CSA Loom — Persistence, chargeback, and multi-DLZ deployment¶
The three operational questions every Loom customer asks once they get past the first deploy. Honest answers with file-evidence pointers so platform engineers can verify each claim themselves.
1. Where does CSA Loom data live? Is it persistent?¶
Short answer: yes, persistent. Container restarts lose nothing.
Every piece of Loom state — workspaces, items, folders, tabs, audit events, share grants, permissions, user preferences, comments, notifications — lives in Cosmos DB, not in the Container App's memory. The Container App is stateless; killing it and rolling a new revision loses zero data.

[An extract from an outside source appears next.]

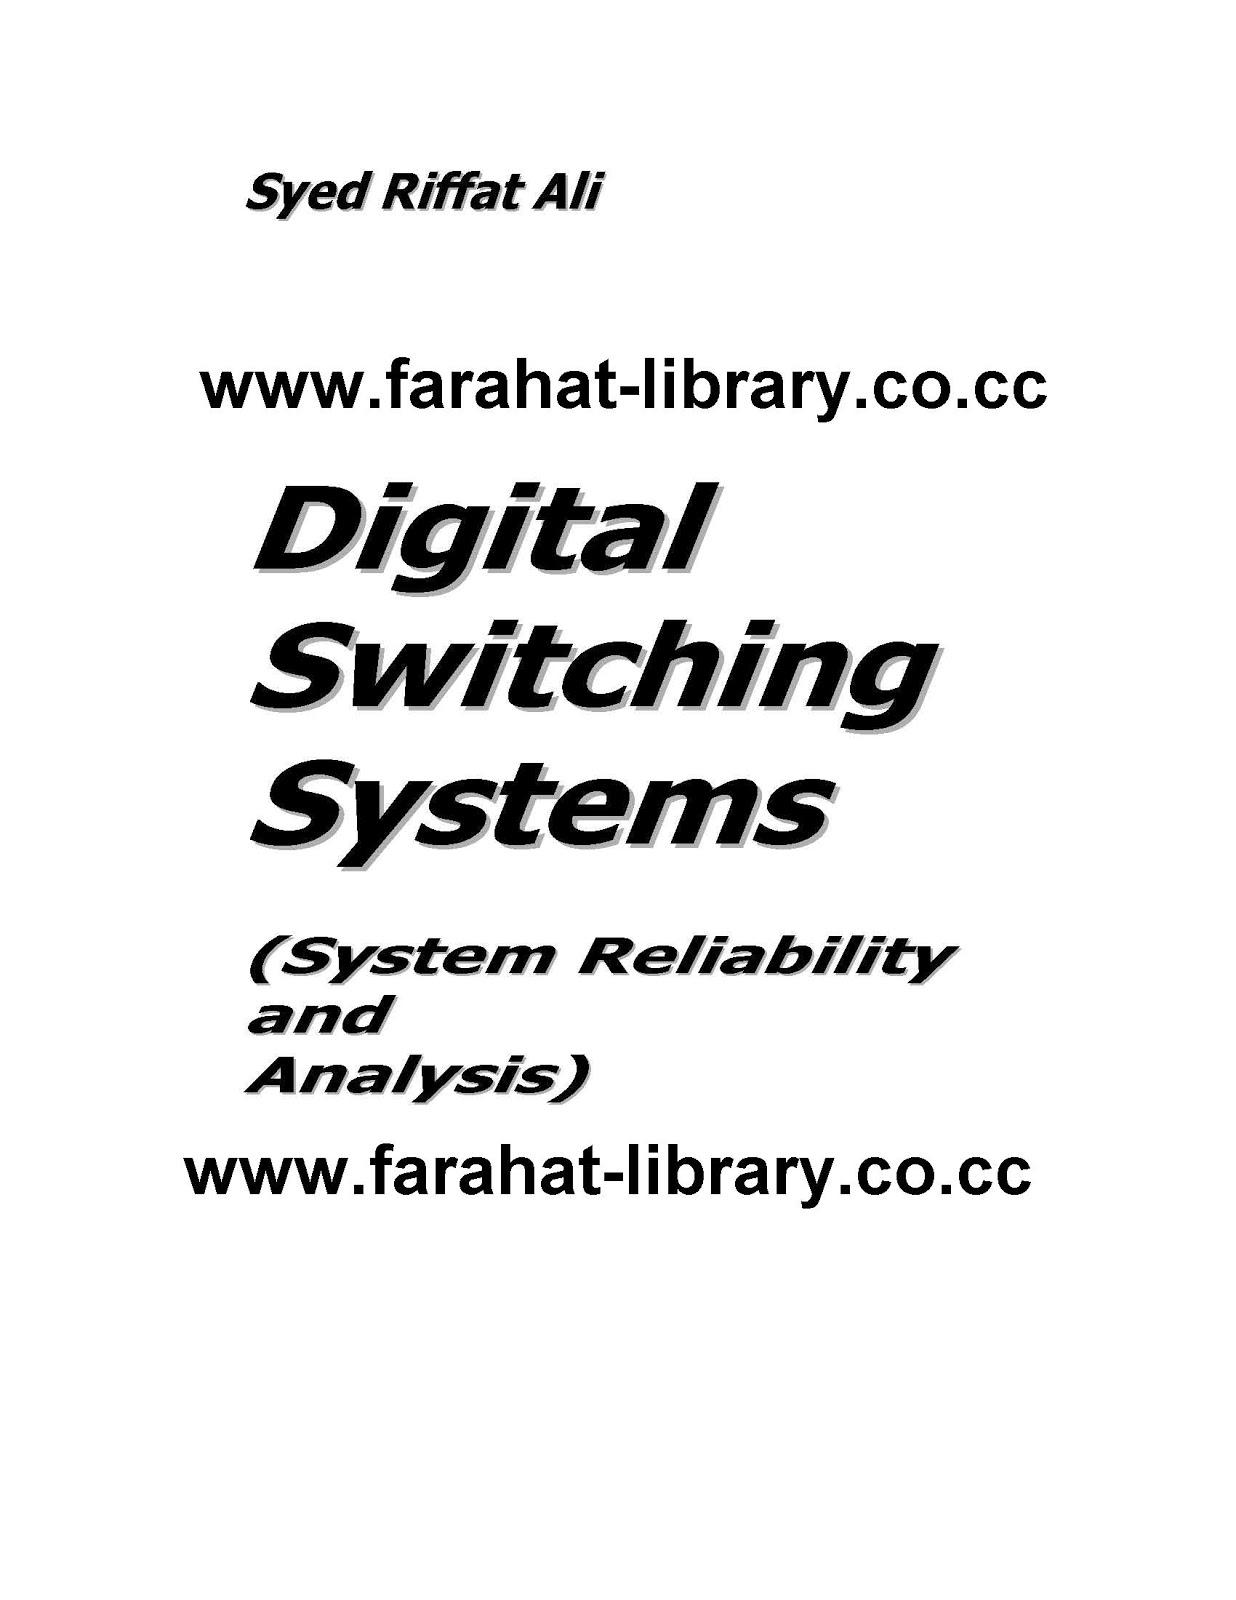 u062a u062d u0645 u064a u0644  u0643 u062a u0627 u0628 digital switching systems  u0627 u0648  u0627 u0644 u062a u0628 u062f u064a u0644  u0627 u0644 u0631 u0642 u0645 u064a  u0639 u0644 u064a

Cosmos containers (17, all provisioned by the bicep cosmos.bicep module)¶
| Container | Partition key | What lives there |
|---|---|---|
workspaces | /tenantId | Workspace documents (name, description, capacity, domain, owner, timestamps) |
items | /workspaceId | Item documents per workspace (every "+ New item" creates one) |
folders | /workspaceId | Workspace tree folder structure |
workspace-permissions | /workspaceId | Workspace RBAC role bindings |
workspace-git | /workspaceId | Per-workspace Git connection config |
apps-catalog | /tenantId | Per-tenant installable apps catalog |
workloads-catalog | /tenantId | Per-tenant enabled workloads |
tenant-themes | /tenantId | Per-tenant branding |
tenant-settings | /tenantId | Per-tenant toggles (e.g. LOOM_GRAPH_USERS_ENABLED opt-in) |
marketplace-listings | /tenantId | Published data products (auto-populated when workspace gets a domain) |
audit-log | /itemId | Per-item audit events (created/edited/shared/etc.) |
comments | /itemId | Per-item comments |
shares | /itemId | Per-item share-link tokens |
notifications | /userId | Per-user notifications |
user-prefs | /userId | Per-user UI preferences (theme, dismissed Learn drawers, etc.) |
tabs-state | /userId | Per-user open-tabs state (the Fabric-parity tab strip) |
search-history | /userId | Per-user search history |
downloads | /userId | Per-user download history |
copilot-sessions | /sessionId | Cross-item Copilot orchestrator conversation history |
copilot-help-sessions | /userId | Help Copilot widget conversation history |
Where the containers are defined: apps/fiab-console/lib/azure/cosmos-client.ts:55-103 — every container is created idempotently on first BFF call (createIfNotExists). The bicep at platform/fiab/bicep/modules/landing-zone/cosmos.bicep provisions the Cosmos account + DB.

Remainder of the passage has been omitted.